[Information supplied Boundary: Start]
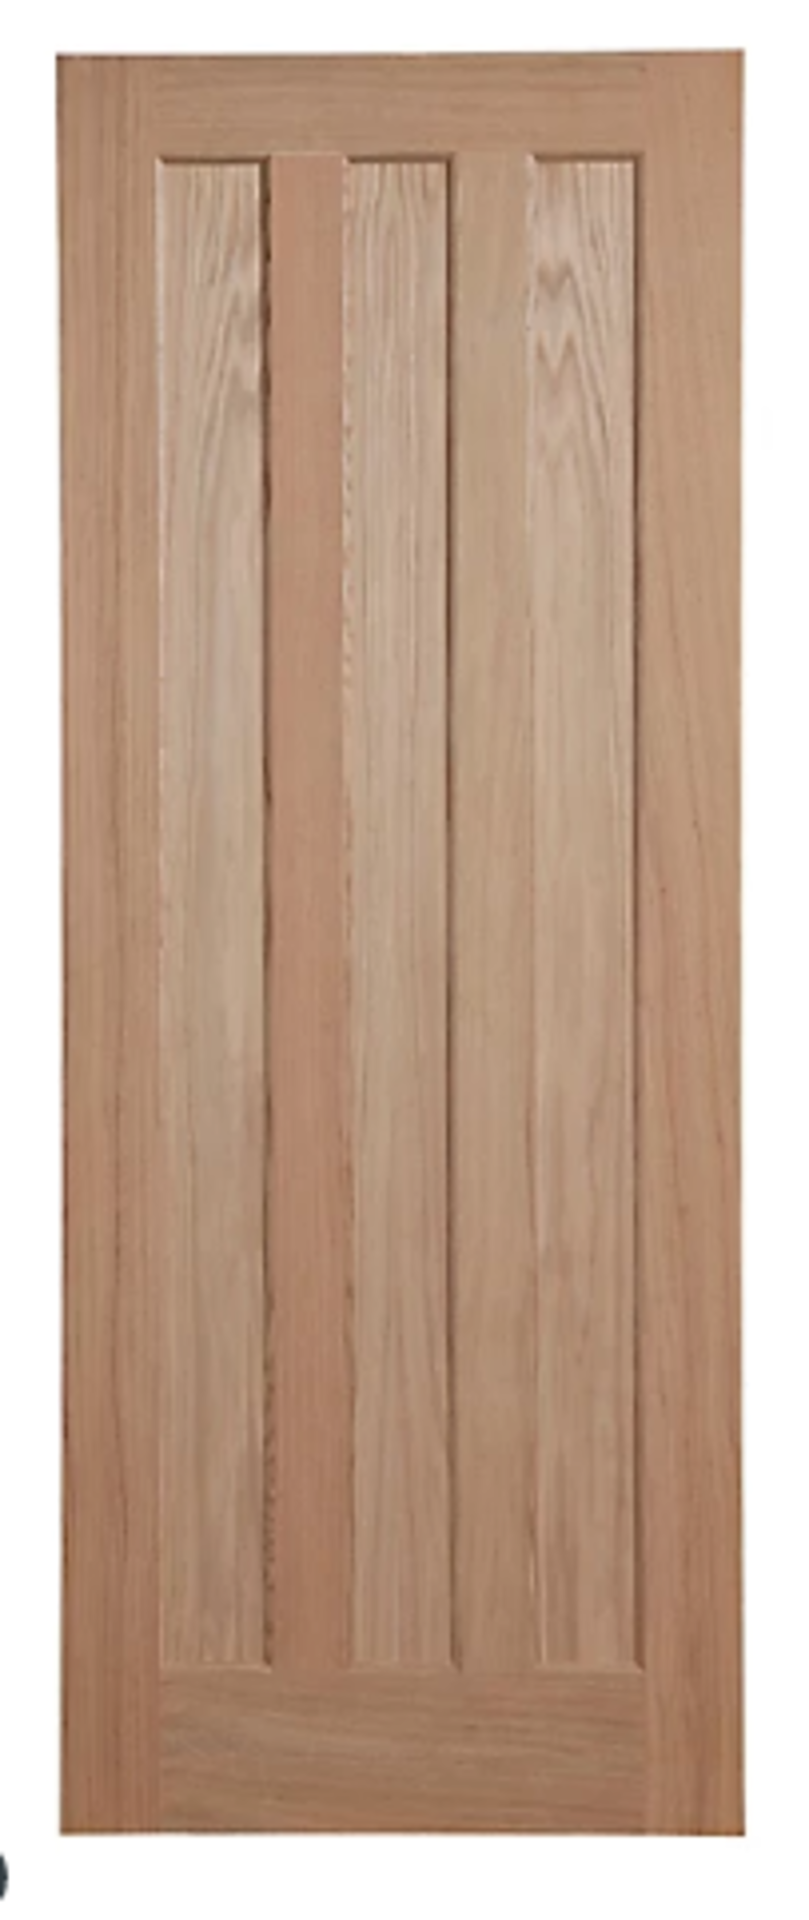 4 X MIXED PANEL DOORS/GLAZED DOORS INCLUDING CLEAR PINE, OAK VENEER, KNOTTY PINES AND MORE (CONTAINS - Image 3 of 5
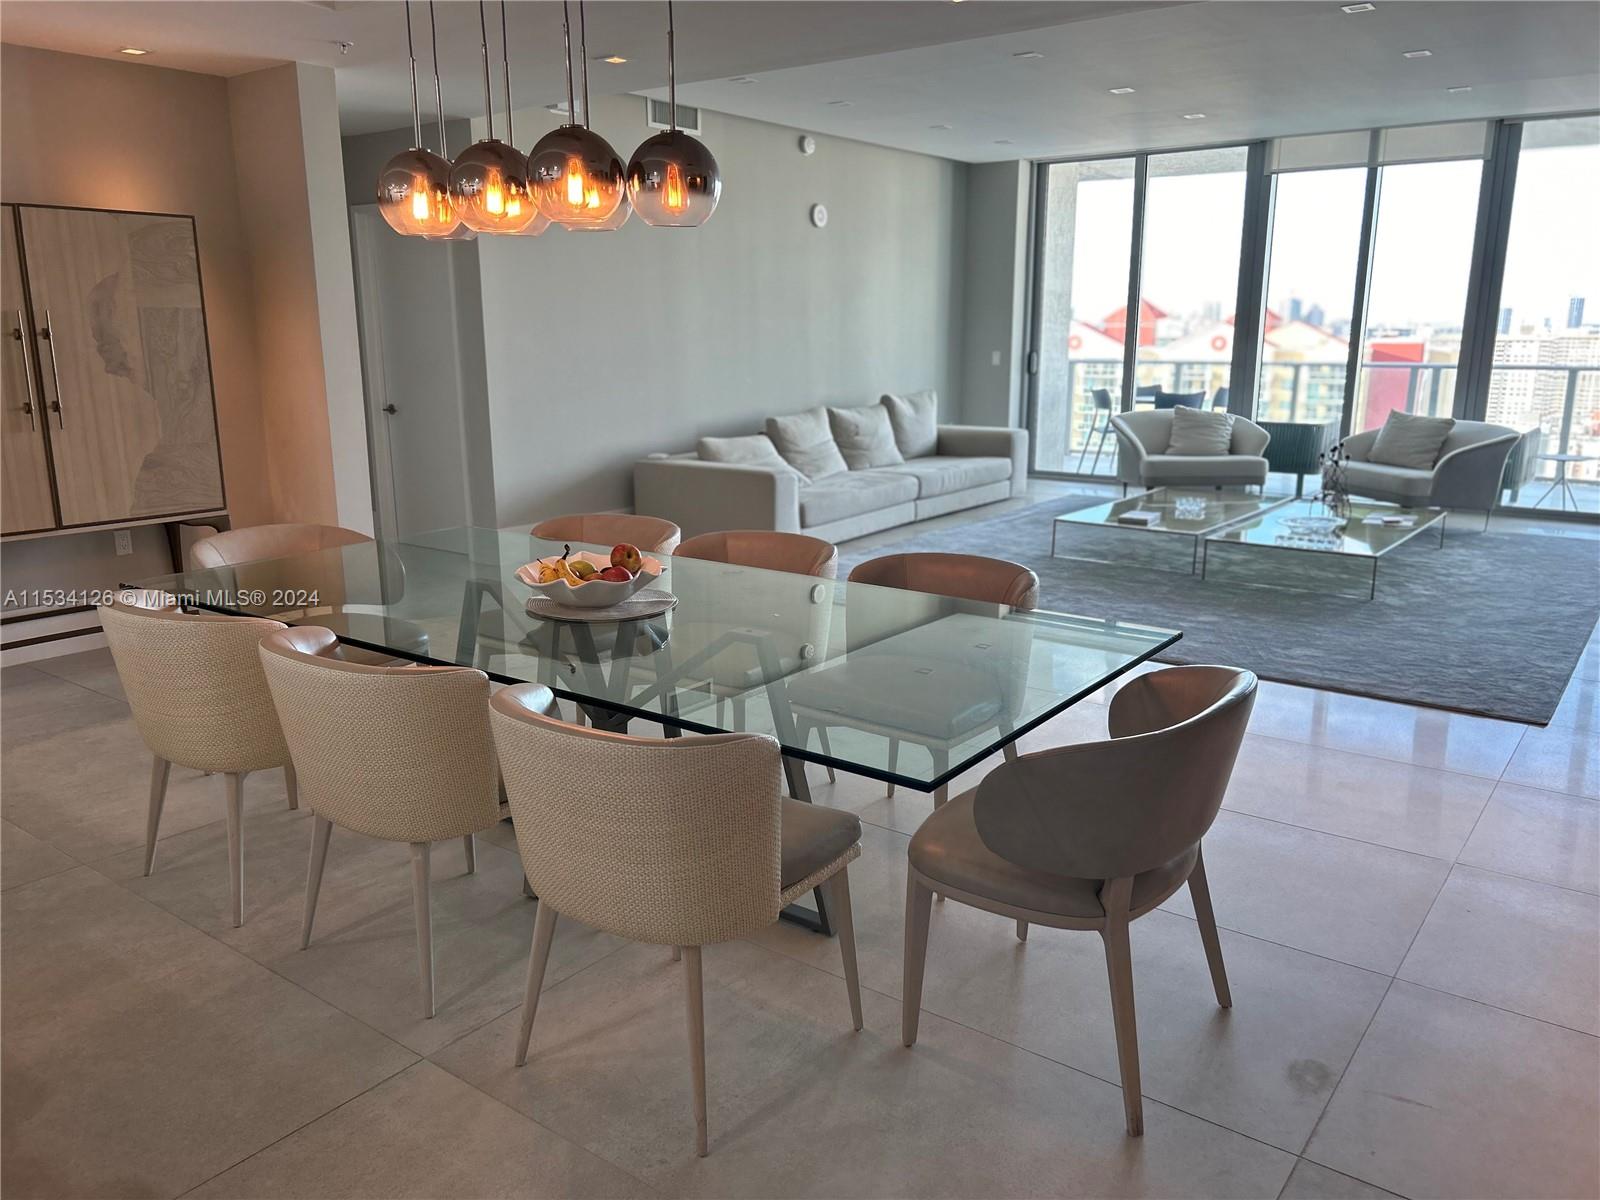 Outstanding Furnished unit in Sunny Isles, close to the beach with 5 stars amenities. Tastefully furnished by Artefacto, this amazing unit at Parque Towers offers 4 bedrooms and 5.5 bathrooms, large family room and expansive terrace with amazing views of the ocean, bay and Sunny Isles skyline. Features include large open floor plan, porcelain tile flooring throughout, floor to ceiling impact glass windows & doors, gourmet kitchen with quartz countertops, induction stove, Italian cabinetries, Wolf appliances, automated blinds and Ornare closets. Luxury amenities include: 24/7 front desk/valet, 4 pools, Movie Theater, Spa, Gym, kids club & playground, games room, social room & Beach Club. Near the beach, Aventura Mall & Bal Harbor Shops. Awesome Schools. Enjoy the ultimate living experience.
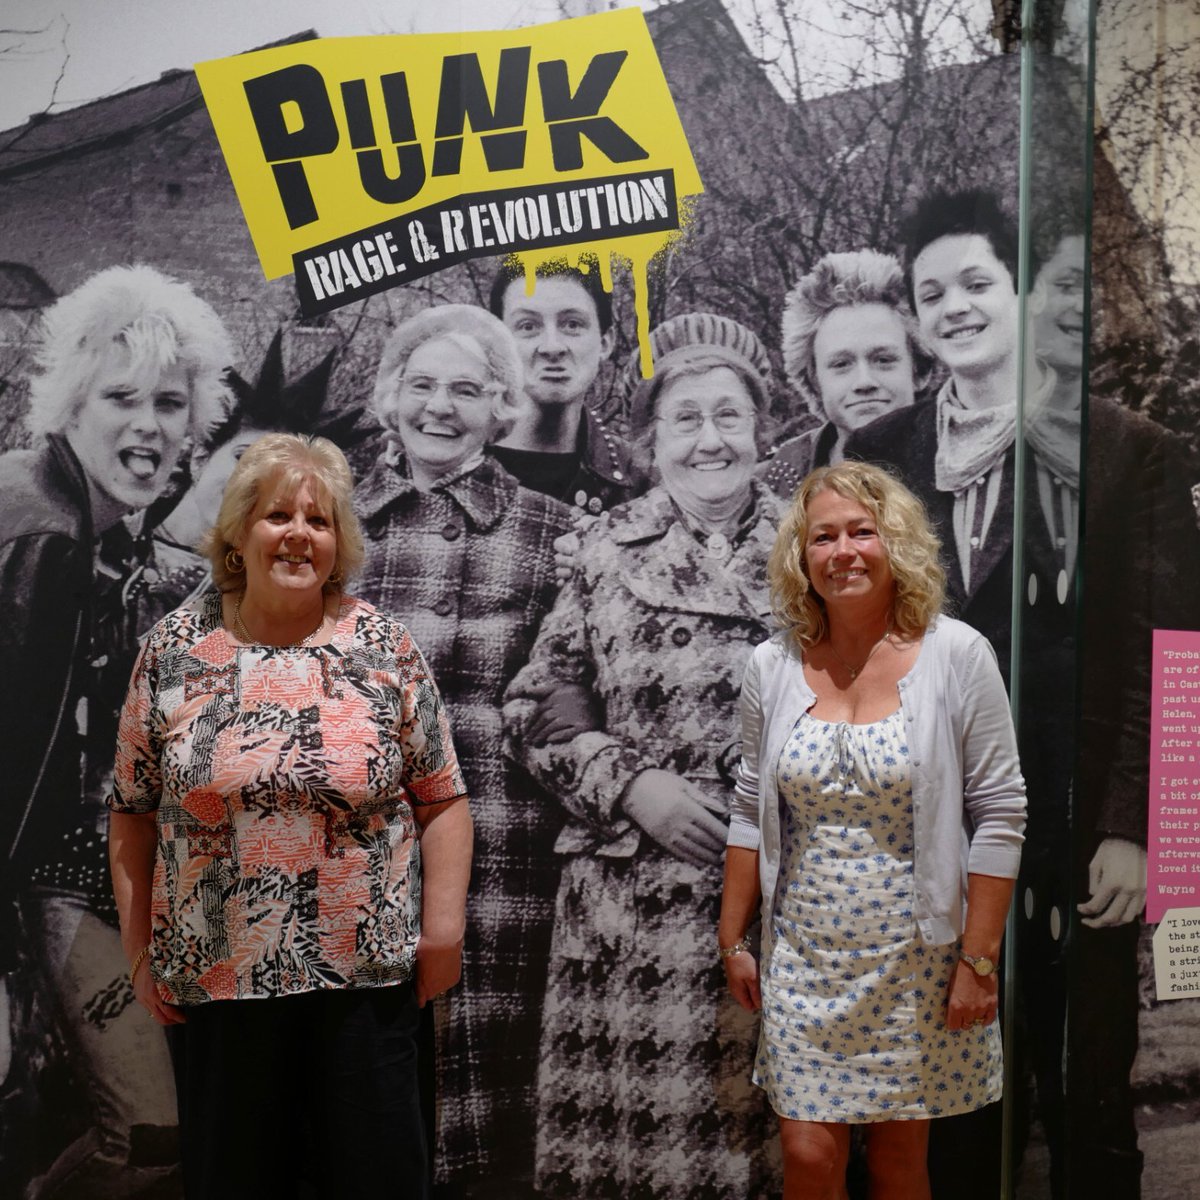 Just ONE WEEK to vote for the @heritagefunduk Project of the Year award, use #NLAPunk on Facebook, Twitter and Instagram today to cast your vote 📷and follow the link below too, everyone gets 4 votes total! @LottoGoodCauses #yourvotecounts #communityprojects #punksnotdead
[Information supplied Boundary: End]
Exercise goal – Could you copy the listing exactly, leaving out any pictures?

Result of the task –
 4 X MIXED PANEL DOORS/GLAZED DOORS INCLUDING CLEAR PINE, OAK VENEER, KNOTTY PINES AND MORE (CONTAINS - Image 3 of 5
 Outstanding Furnished unit in Sunny Isles, close to the beach with 5 stars amenities. Tastefully furnished by Artefacto, this amazing unit at Parque Towers offers 4 bedrooms and 5.5 bathrooms, large family room and expansive terrace with amazing views of the ocean, bay and Sunny Isles skyline. Features include large open floor plan, porcelain tile flooring throughout, floor to ceiling impact glass windows & doors, gourmet kitchen with quartz countertops, induction stove, Italian cabinetries, Wolf appliances, automated blinds and Ornare closets. Luxury amenities include: 24/7 front desk/valet, 4 pools, Movie Theater, Spa, Gym, kids club & playground, games room, social room & Beach Club. Near the beach, Aventura Mall & Bal Harbor Shops. Awesome Schools. Enjoy the ultimate living experience.
 Just ONE WEEK to vote for the @heritagefunduk Project of the Year award, use #NLAPunk on Facebook, Twitter and Instagram today to cast your vote 📷and follow the link below too, everyone gets 4 votes total! @LottoGoodCauses #yourvotecounts #communityprojects #punksnotdead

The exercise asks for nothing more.